The task
All the data below goes into the copy word for word, but the pictures don't.

Available data
◆ ◆ ◆ ◆ ◆

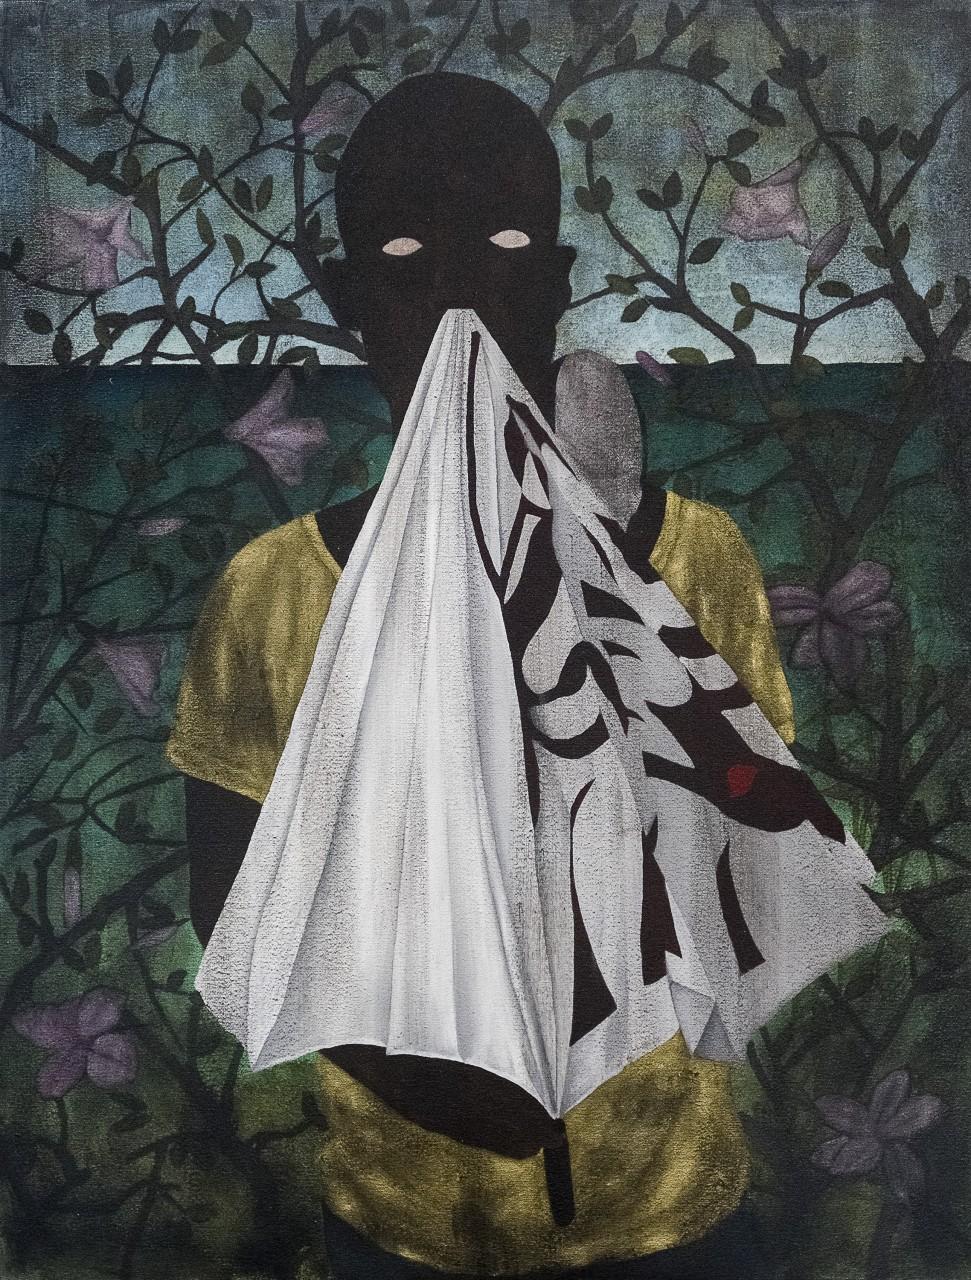 Cinga-Samson-Hes-from-the-Jungle-1-2017-Oil-on-canvas-80-x-60-cm-1.jpg
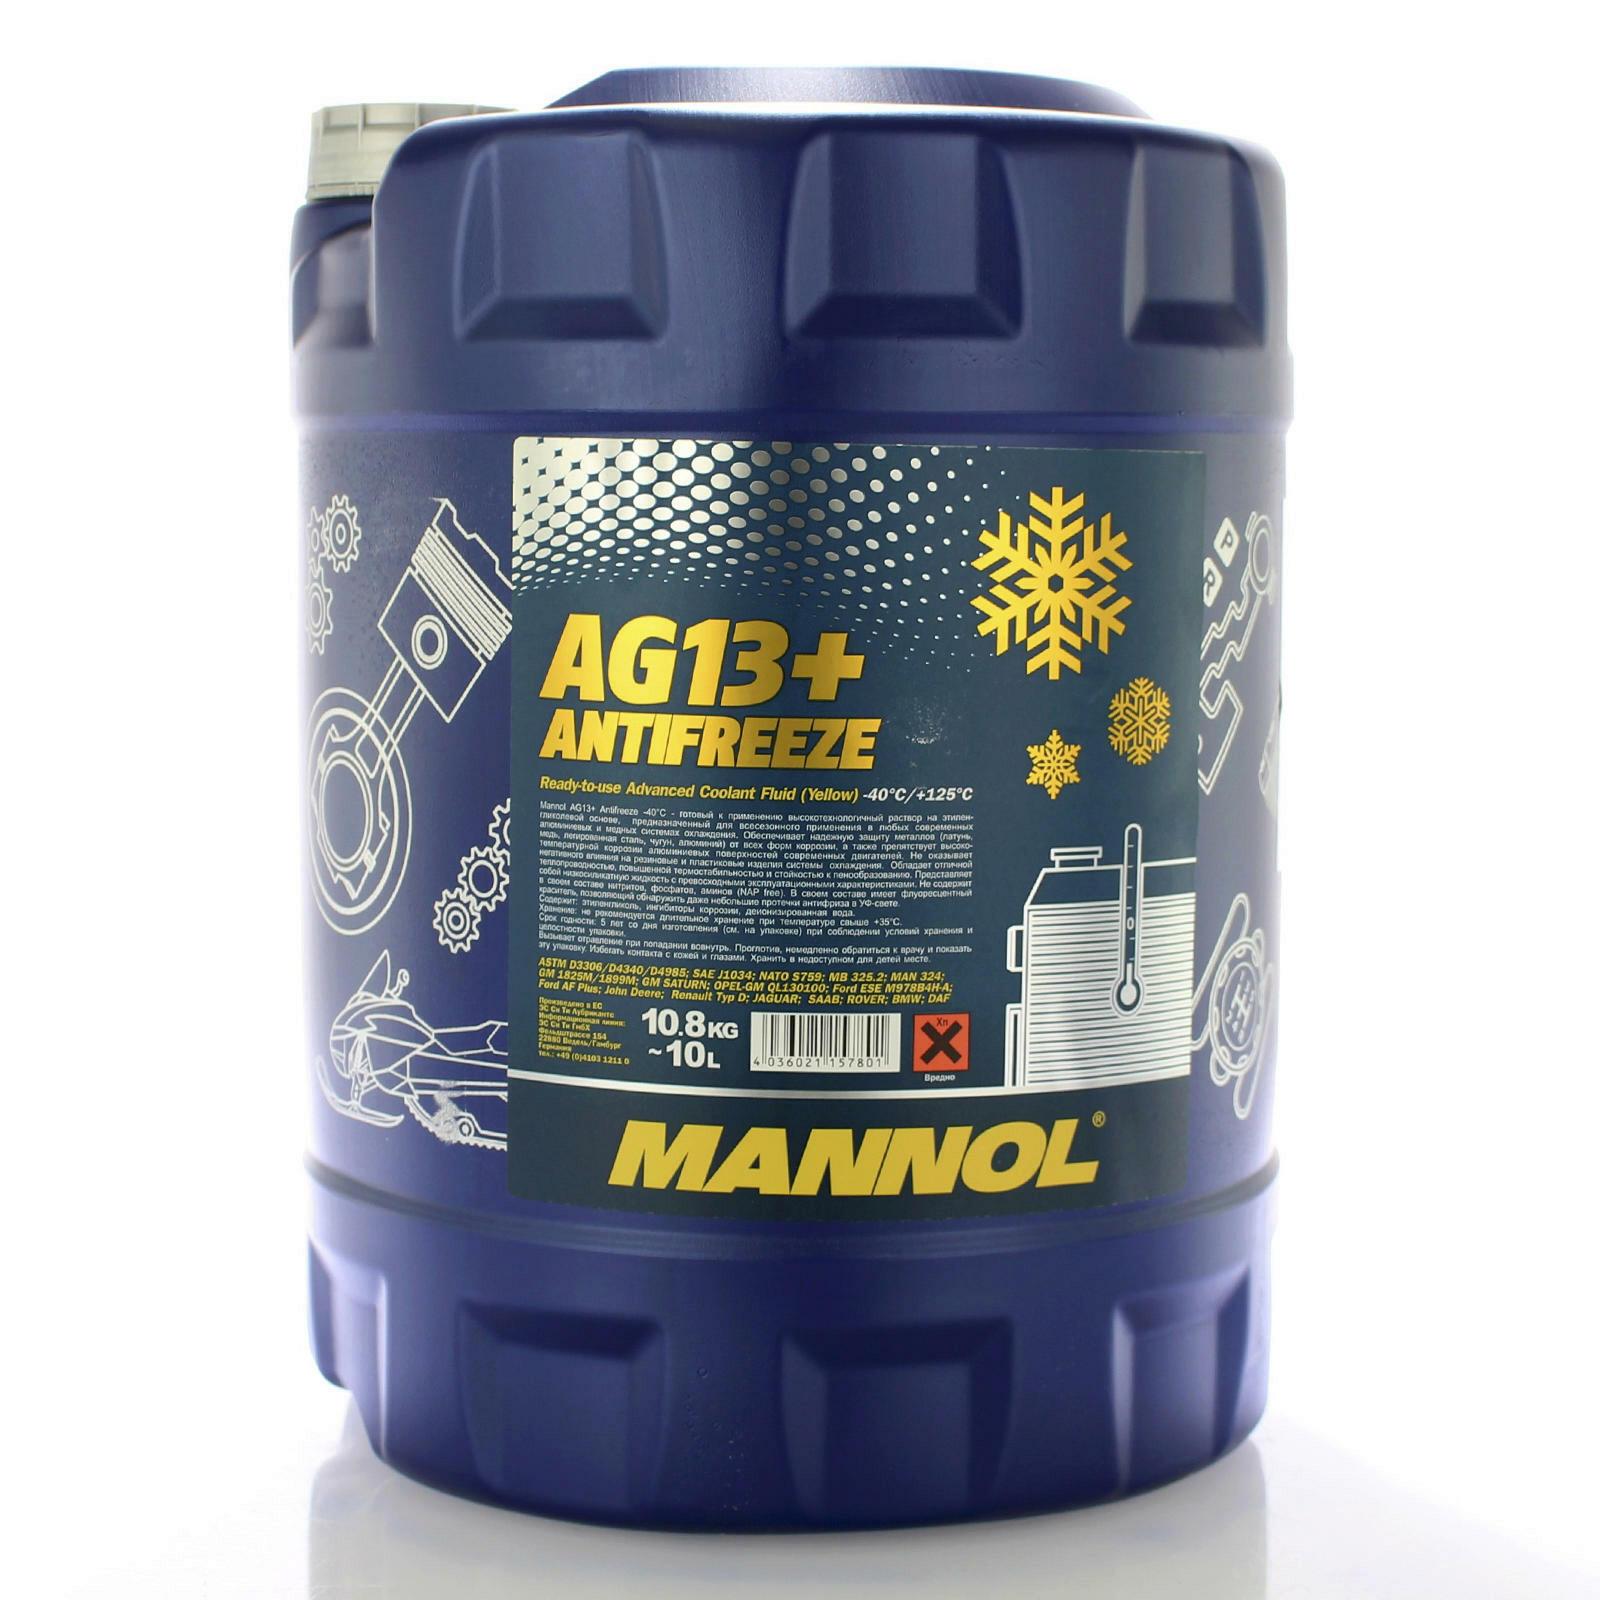 Mannol Frostschutz AG13+ 10L
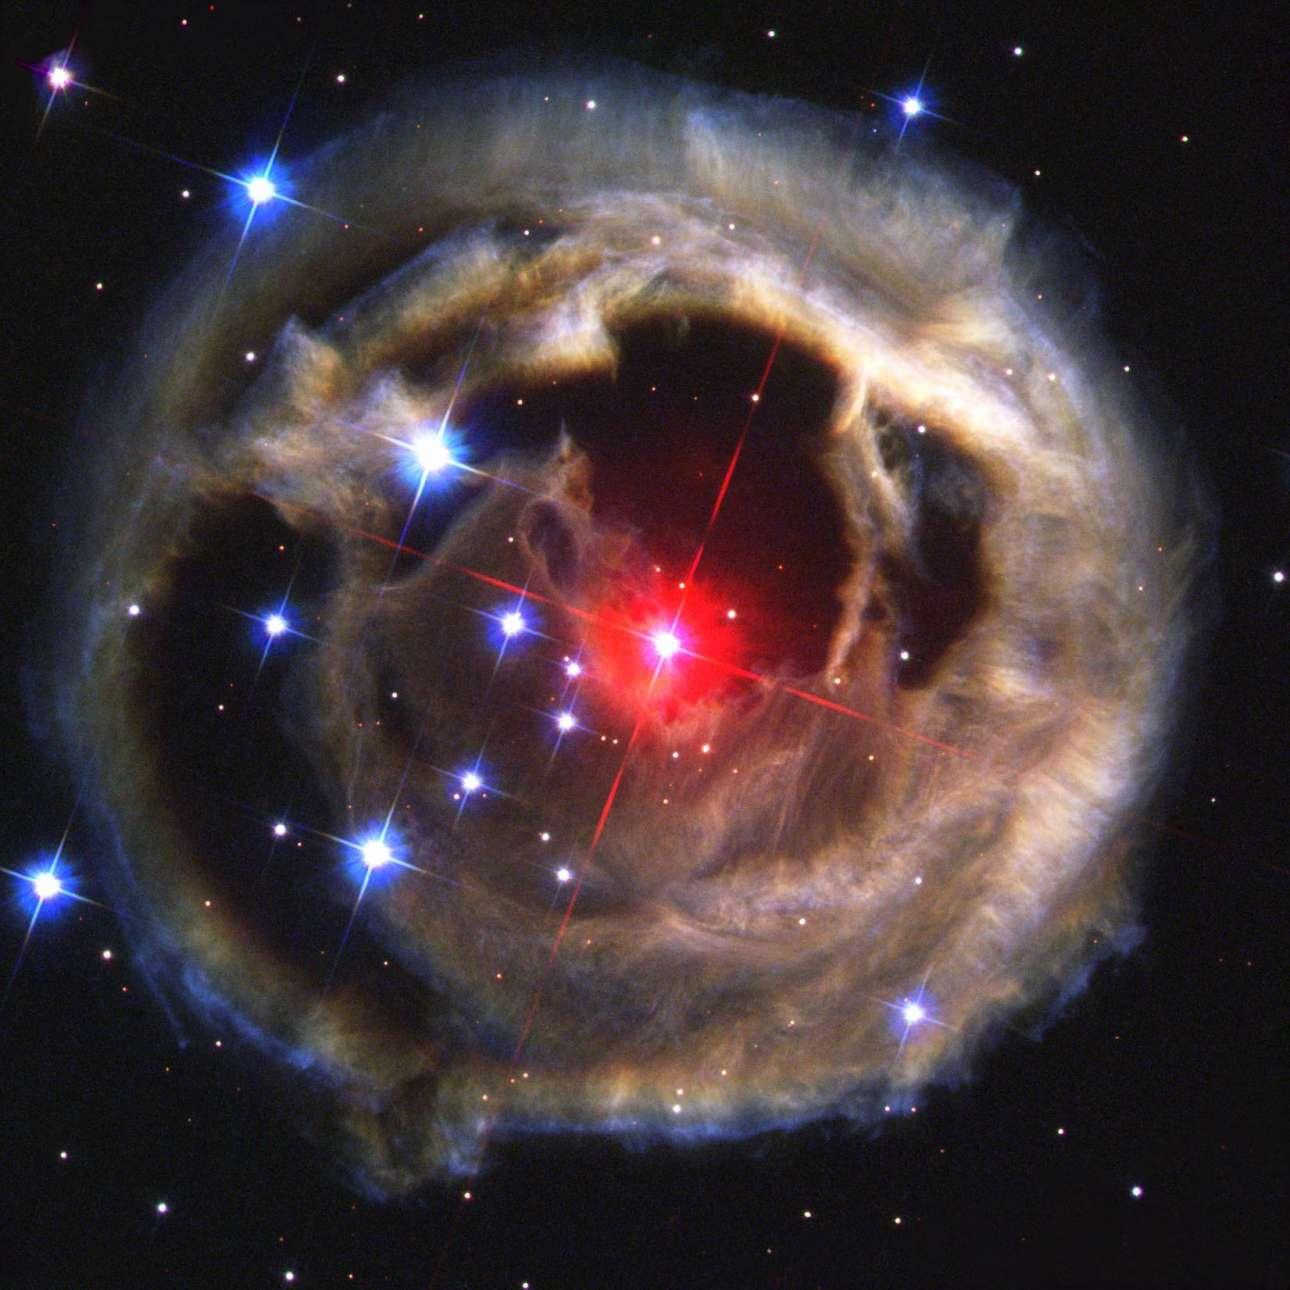 «To γιγάντιο φωτοστέφανo». Κολοσσιαίες ποσότητες κοσμικής ύλης στροβιλίζονται σε έκταση τρισεκατομμυρίων χλμ. στο Διάστημα δημιουργώντας ένα νεφέλωμα αερίων και σκόνης που μοιάζει με ένα υπέρλαμπρο φωτοστέφανο γύρω από το άστρο V838 Monocerotis. Το άστρο βρίσκεται σε απόσταση 20 χιλιάδων ετών φωτός από εμάς στον αστερισμό του Μονόκερου. Πριν από 18 έτη οι αστρονόμοι εντόπισαν ένα εντυπωσιακό κοσμικό φαινόμενο στην συγκεκριμένη περιοχή. Το V838 Monocerotis έγινε ξαφνικά ένα εκατομμύριο φορές πιο λαμπρό από τον Ήλιο και για λίγο καιρό ήταν το πιο φωτεινό αντικείμενο στον γαλαξία μας. Αρχικά οι επιστήμονες θεώρησαν ότι είχαμε να κάνουμε με μια συνηθισμένη έκρηξη σουπερνόβα η οποία κατέστρεψε το άστρο. Από τις παρατηρήσεις διαπιστώθηκε ότι εδώ δεν έχουμε να κάνουμε μια έκρηξη αλλά με διαδοχικές  εκρήξεις γεγονός που δεν μπορούν να εξηγήσουν οι ειδικοί. Μια εκτίμηση είναι ότι οι διαδοχικές εκρήξεις είναι αποτέλεσμα της καταστροφής των πλανητών που είχαν σχηματιστεί γύρω από το συγκεκριμένο άστρο οι οποίοι καθώς έφτανε σε εκείνους το «κοσμικό τσουνάμι» της αστρικής έκρηξης καταστρέφονταν και αυτοί. Μια δεύτερη εκτίμηση είναι το V838 Monocerotis ήταν δυαδικό σύστημα και οι εκρήξεις είναι το αποτέλεσμα της συγχώνευσης των δύο άστρων. Δύο χρόνια μετά τον εντοπισμό του φαινομένου το Hubble κατέγραψε αυτή την εικόνα.
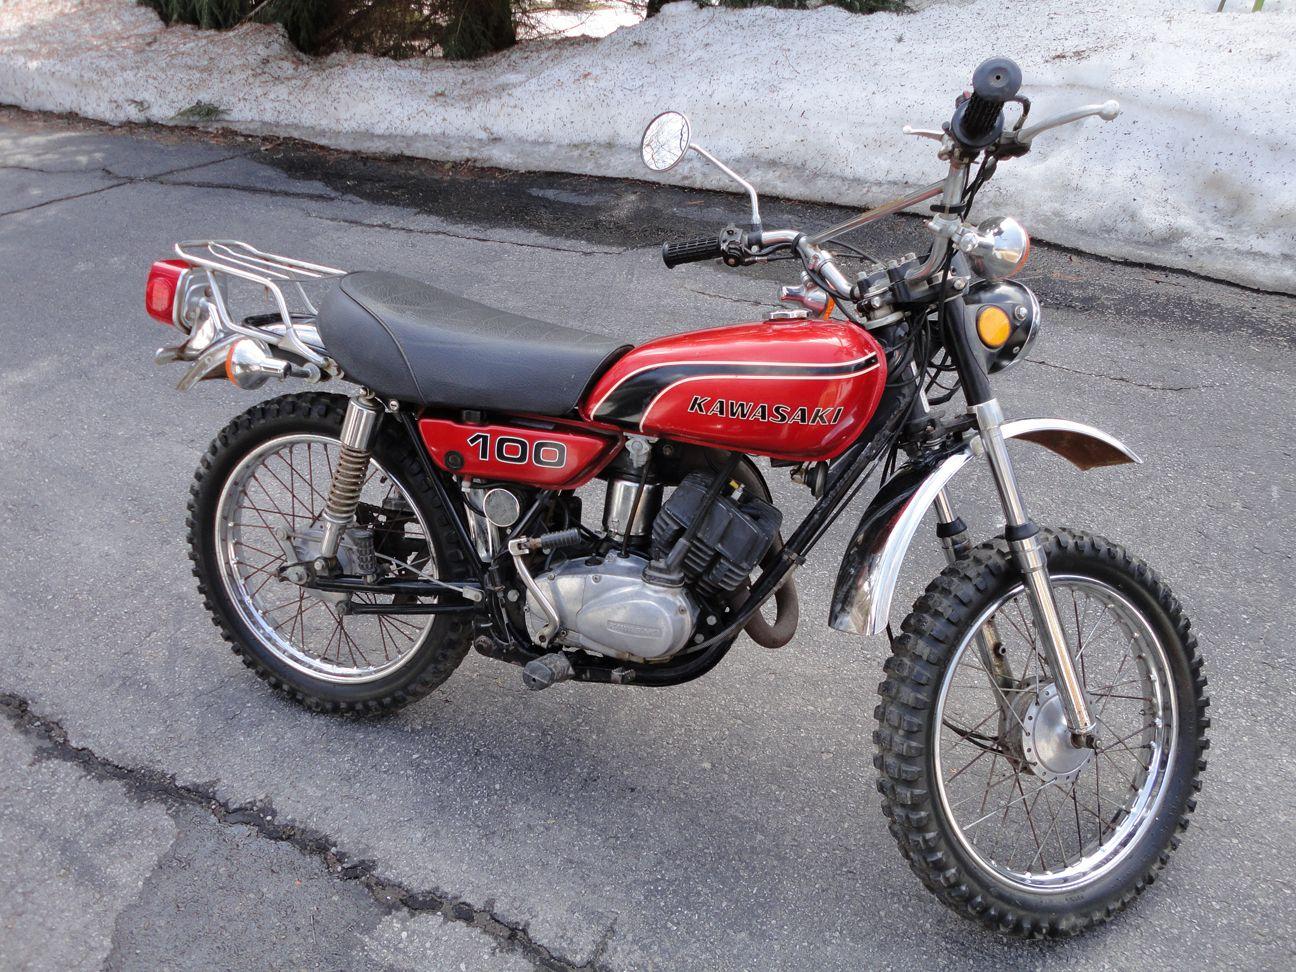 Pin By Grant Mackay On Vintage Japanese Dual Sport Motorcycles Kawasaki Kawasaki Bikes Classic Bikes

◆ ◆ ◆ ◆ ◆

Result for this task
 Cinga-Samson-Hes-from-the-Jungle-1-2017-Oil-on-canvas-80-x-60-cm-1.jpg
 Mannol Frostschutz AG13+ 10L
 «To γιγάντιο φωτοστέφανo». Κολοσσιαίες ποσότητες κοσμικής ύλης στροβιλίζονται σε έκταση τρισεκατομμυρίων χλμ. στο Διάστημα δημιουργώντας ένα νεφέλωμα αερίων και σκόνης που μοιάζει με ένα υπέρλαμπρο φωτοστέφανο γύρω από το άστρο V838 Monocerotis. Το άστρο βρίσκεται σε απόσταση 20 χιλιάδων ετών φωτός από εμάς στον αστερισμό του Μονόκερου. Πριν από 18 έτη οι αστρονόμοι εντόπισαν ένα εντυπωσιακό κοσμικό φαινόμενο στην συγκεκριμένη περιοχή. Το V838 Monocerotis έγινε ξαφνικά ένα εκατομμύριο φορές πιο λαμπρό από τον Ήλιο και για λίγο καιρό ήταν το πιο φωτεινό αντικείμενο στον γαλαξία μας. Αρχικά οι επιστήμονες θεώρησαν ότι είχαμε να κάνουμε με μια συνηθισμένη έκρηξη σουπερνόβα η οποία κατέστρεψε το άστρο. Από τις παρατηρήσεις διαπιστώθηκε ότι εδώ δεν έχουμε να κάνουμε μια έκρηξη αλλά με διαδοχικές  εκρήξεις γεγονός που δεν μπορούν να εξηγήσουν οι ειδικοί. Μια εκτίμηση είναι ότι οι διαδοχικές εκρήξεις είναι αποτέλεσμα της καταστροφής των πλανητών που είχαν σχηματιστεί γύρω από το συγκεκριμένο άστρο οι οποίοι καθώς έφτανε σε εκείνους το «κοσμικό τσουνάμι» της αστρικής έκρηξης καταστρέφονταν και αυτοί. Μια δεύτερη εκτίμηση είναι το V838 Monocerotis ήταν δυαδικό σύστημα και οι εκρήξεις είναι το αποτέλεσμα της συγχώνευσης των δύο άστρων. Δύο χρόνια μετά τον εντοπισμό του φαινομένου το Hubble κατέγραψε αυτή την εικόνα.
 Pin By Grant Mackay On Vintage Japanese Dual Sport Motorcycles Kawasaki Kawasaki Bikes Classic Bikes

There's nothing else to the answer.